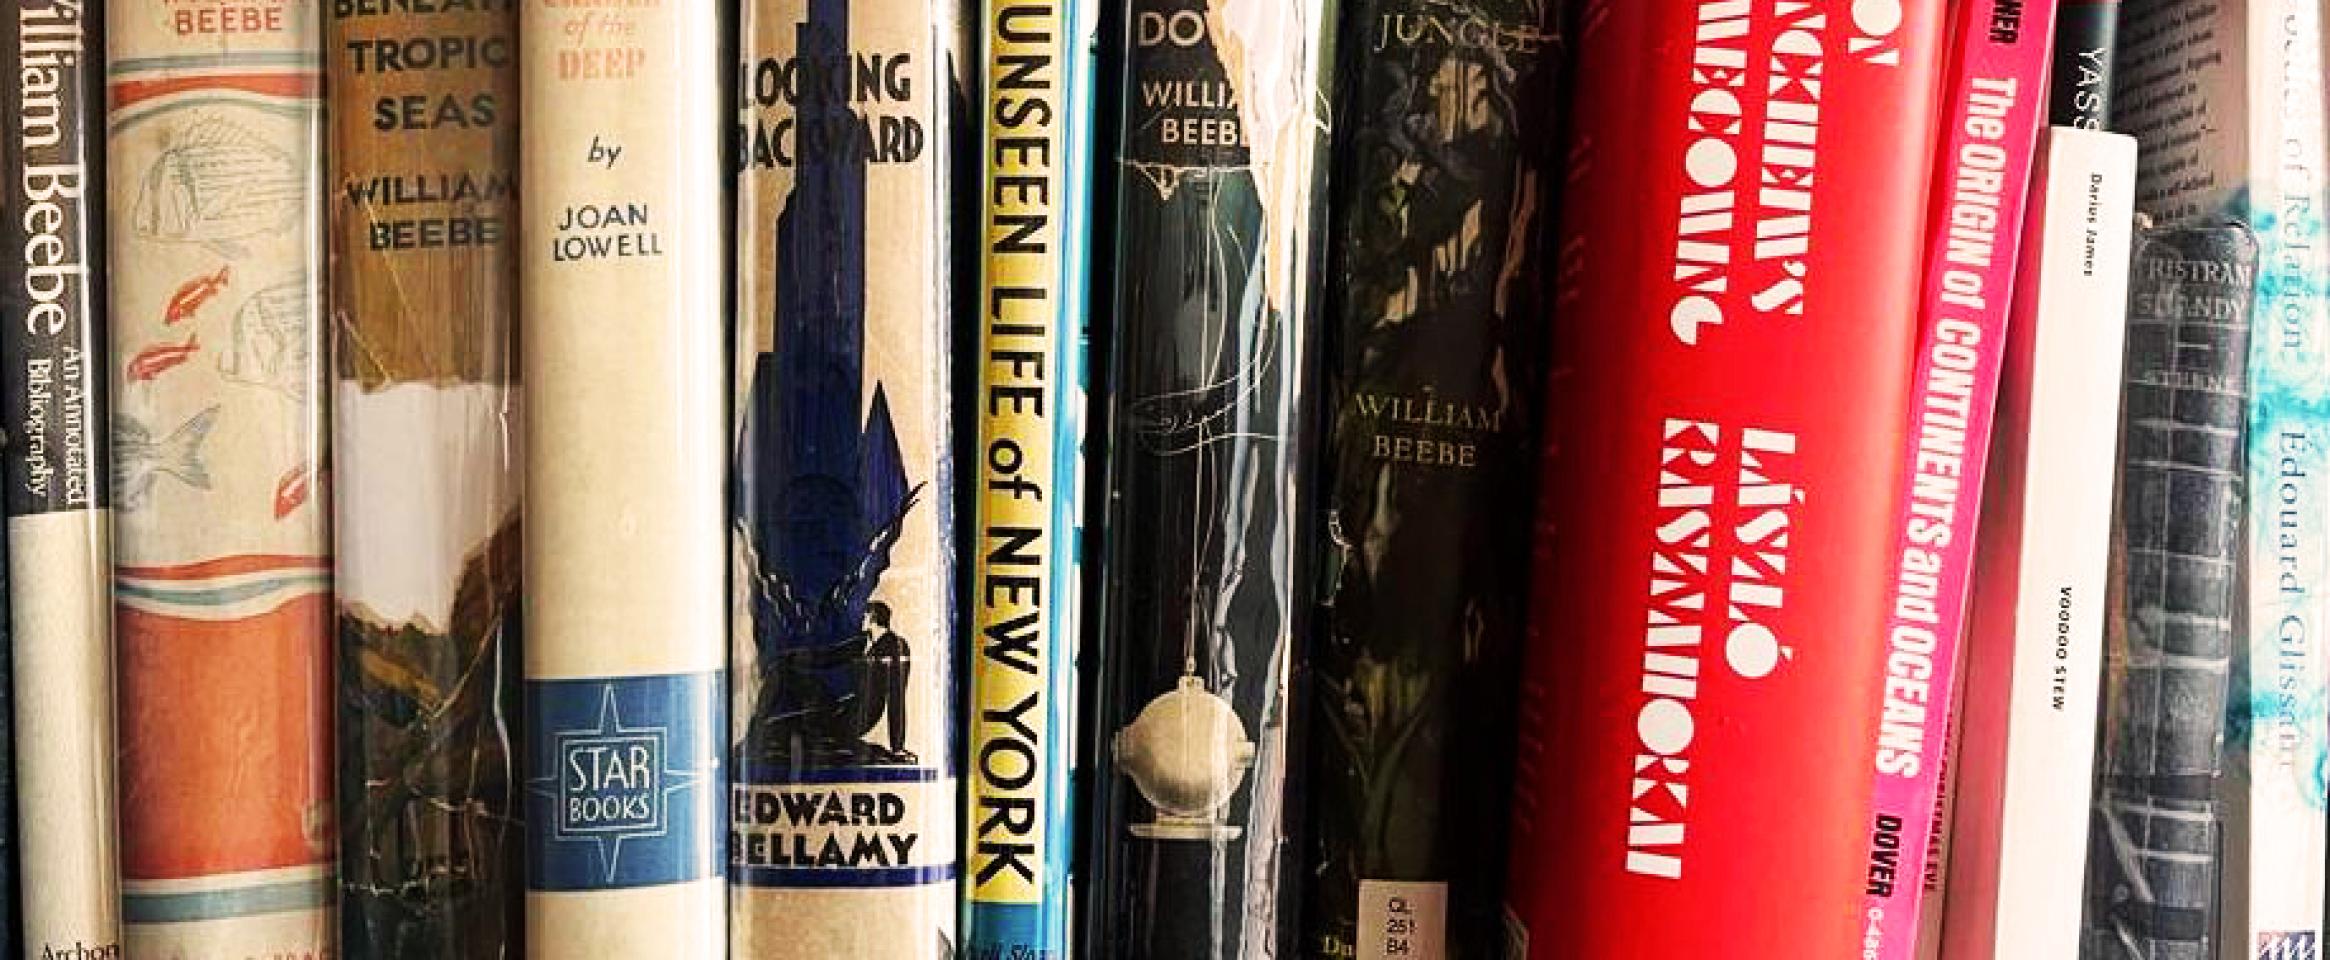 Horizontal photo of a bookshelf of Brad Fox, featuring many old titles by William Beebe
==
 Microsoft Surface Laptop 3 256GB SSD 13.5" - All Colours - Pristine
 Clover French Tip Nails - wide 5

EXERCISE:
In the material above, locate the line containing "Microsoft Surface Laptop" and the line containing "Clover French Tip Nails - wide 5". Transcribe exactly those two lines and every line between them, and nothing more.

RESPONSE:
 Microsoft Surface Laptop 3 256GB SSD 13.5" - All Colours - Pristine
 Clover French Tip Nails - wide 5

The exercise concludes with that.